Fences Play by August Wilson. Directed by Lloyd Richards. Starring James Earl Jones. ``Fences,'' at the 46th Street Theatre, is a work of exceptional depth, eloquence, and power. Anchored in James Earl Jones's magnificent performance as the dominating Troy Maxson, the new August Wilson drama adds a greatly needed stature to the current Broadway season. It is a major addition to the decade-by-decade cycle of plays through which Mr. Wilson is surveying the black American experience in the 20th century and which was launched locally by the prize-winning ``Ma Rainey's Black Bottom.''
The new segment takes place in the shabby backyard of the Maxson house in a northern American industrial city. A gaunt, leafless tree looms above the small dwelling, whose imitation brick-shingled exterior forms the centerpiece of James D. Sandefur's set. Extending from 1957 to 1965, the play's nine scenes thus antedate and implicitly anticipate the civil-rights revolution of the 1960s.
The past confronts an uncertain hope of things to come in the conflict between Troy and his teen-age son Cory (Courtney B. Vance). A promising high-school athlete, Cory is being scouted for a scholarship at a Southern university. Troy, an ex-baseball star embittered at having been restricted to the Negro Leagues, and suspicious of white men's overtures, refuses to give the needed parental permission. To Troy, who has served time in prison, his promotion to being the first black garbage truck driver in the sanitation department means more than Cory's dreams of glory. The father's obduracy leads to an irreconcilable standoff.

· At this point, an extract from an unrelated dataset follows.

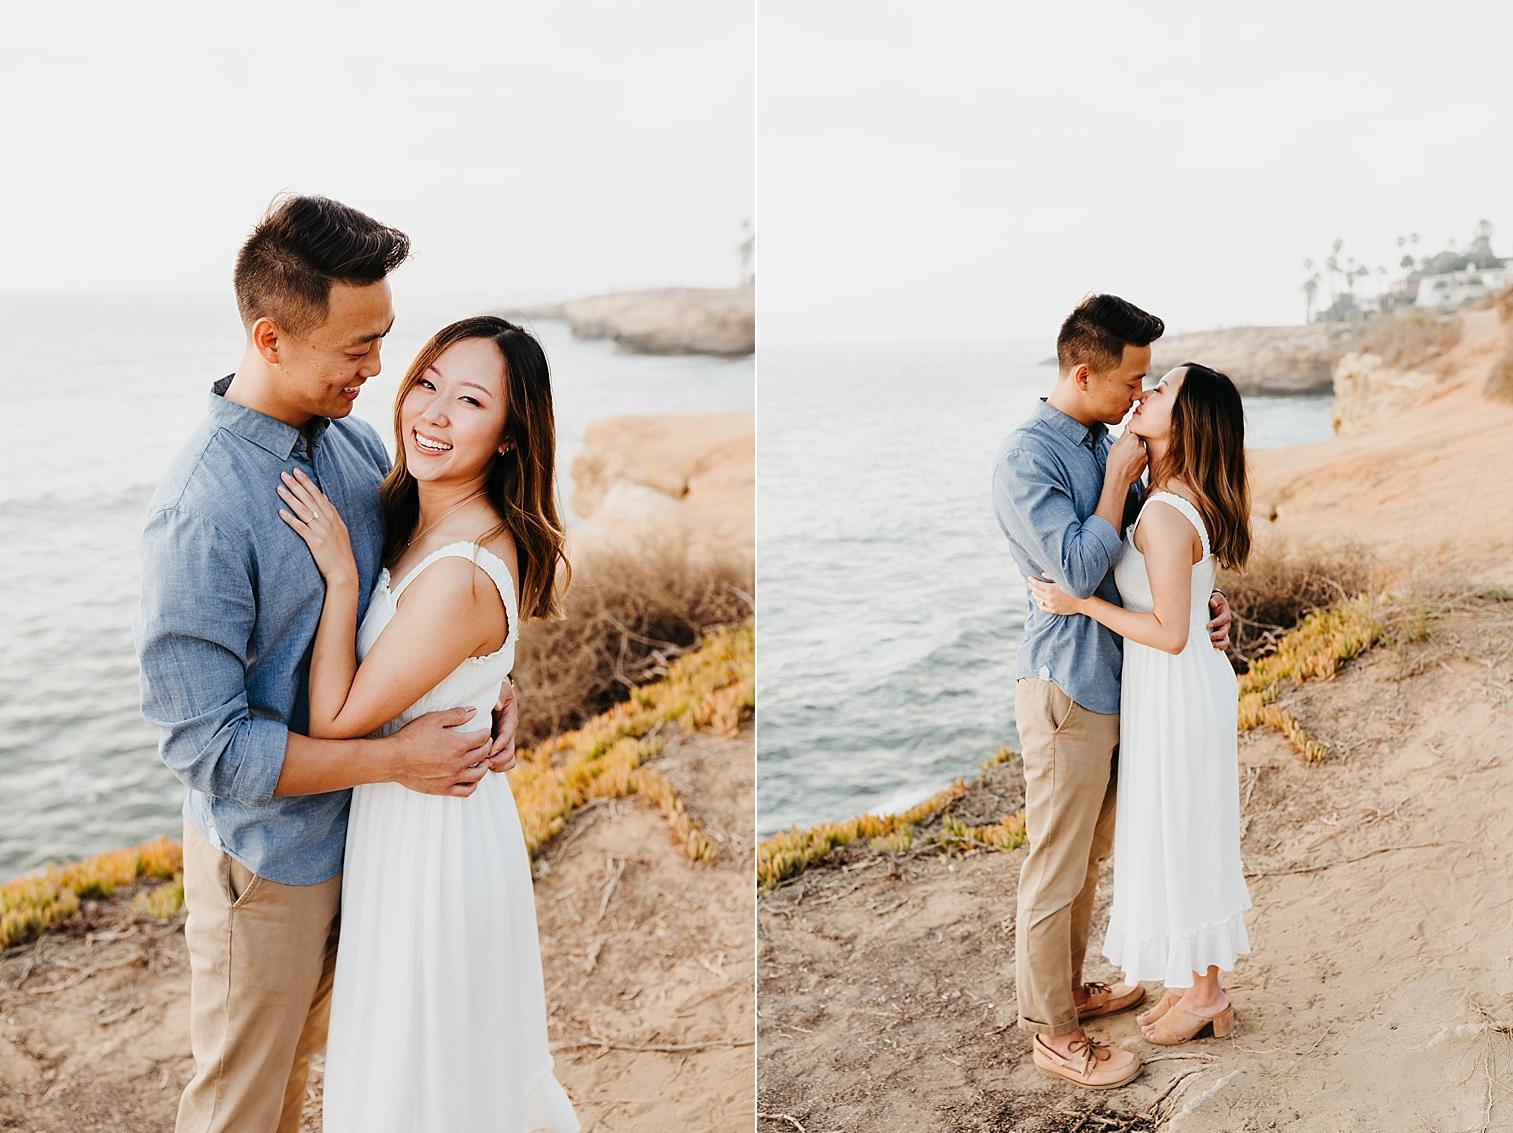 San-Diego-Ocean-Beach-Engagement-Session-26.jpg

In the meantime, Wilson is filling out the details and dimensions of this black family portrait. Ebullient, hard-working, home-loving Troy supports the household. But it is Rose Maxson (Mary Alice), his firm but gentle wife, who sustains their life together. When Troy haltingly confesses a marital infidelity, Rose accepts the innocent child whose mother dies giving birth, but she informs her husband that he is now ``womanless.''
Mr. Jones's extraordinary acting range matches the heavy demands of a role that is virtually classic in its emotional compass. Troy's many moods extend from reflective musings and high good humor to bullying sarcasm and explosive rage. Jones responds equally to the mystical elements of the writing in Troy's dialogues with death. For his part, young Mr. Vance contributes indispensably to the charged excitement of the scenes between Troy and his resentful son.
As Troy's steadfast helpmeet, the incomparable Mary Alice provides the tempering presence that succeeds in modifying - if it cannot comletely curb - her husband's volatile behavior. In Miss Alice's portrayal, Rose's serenity rests on deep reserves of strength. To watch Jones and Alice in their scenes together can be a profound experience.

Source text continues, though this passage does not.